I have a complicated relationship with science and tech on one side and religion and intuition on the other. I find none of the ease with which people seem to be able to belong to one camp or the other feeling uncomfortable, as I do, at the abject surrender of humanity and individuality which both sides demand as the price of entry into their communities. Intuition had its time which can be said to be past now and we saw during that time its monstrous transformation into a system of monolithic and absolute dictum, ruling the general populace with a hand at once heavy and cruel. We saw it transform into a hideous excuse for controlling the lives of other people in this time and we saw the deadening of the romance which lies at the heart of religion, its ossification into a soulless, pointless, and mediocre set of rules and regulations. When the time came this idiotic and hollowed out framework crumbled under the spirit of the age, it surrendered its limited acuity against the skeptical attitude of the various sciences. And now we have come full circle. Science, and its bastard child which goes by the name of tech, isn't as idiotic as the logic of organized religions but its followers certainly compete very well in the area of intellectual incompetence. For they have again thrown in their lot with an agency they do not understand very well.

At this point it is clear to me that the relentless march of science will serve only to increase the misery of most in this world. In material terms it will drive most people out of a means to earn a reasonable living, eliminating in the process the dignity which humans find in doing a hard day's labor and creating something out of the rough materials of life. This is already seen to be increasingly true in many many areas. On the spiritual front it will hollow out the humans of their humanity, reducing them to atomistic and simplistic entities useful only to the extent where an explanation of the impersonal world is sought. Like leaves, snails, and dust. Not only will it reduce the worth of humans in the context of universal explanations, it will also reduce their worth in their own eyes. In the absence of true humanity, unchecked science will, and has already begun to, reduce humans, their cognition, and their total attention to mere market activities. To notice the modern urban human is to notice a remarkable likeness to a soulless robot, exactly as dead and exactly as mundane.
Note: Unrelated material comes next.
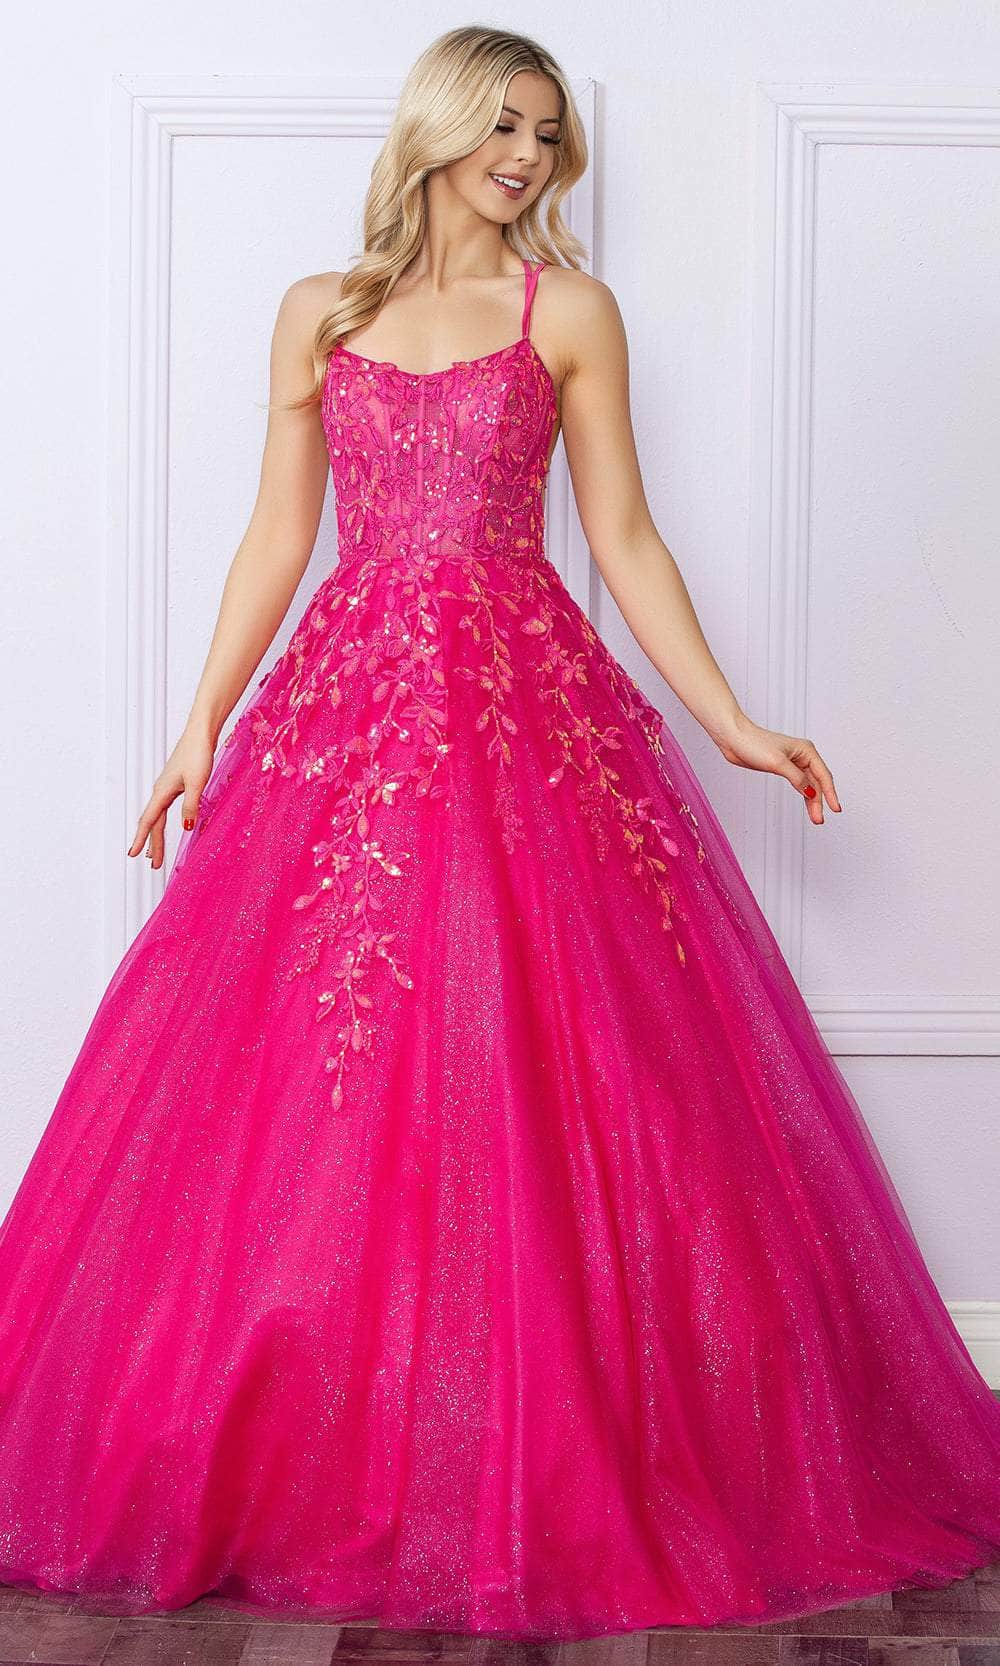 Nox Anabel H1271 - Sweetheart Floral Ballgown Special Occasion Dresses

I ultimately disagree with Berlin's hypothesis that there is no such thing as the inevitability of history. I think there is and the world as we find now could not have been otherwise, or at least would have reached the same stage at an earlier or later time . All that one can do is try to control the short range flows but the long range effects seem to have a force of their own. I think in this sense there is an inevitability in the passing of the baton from religion to science, in the passing of idiocy as well. I'm curious to see the next moves.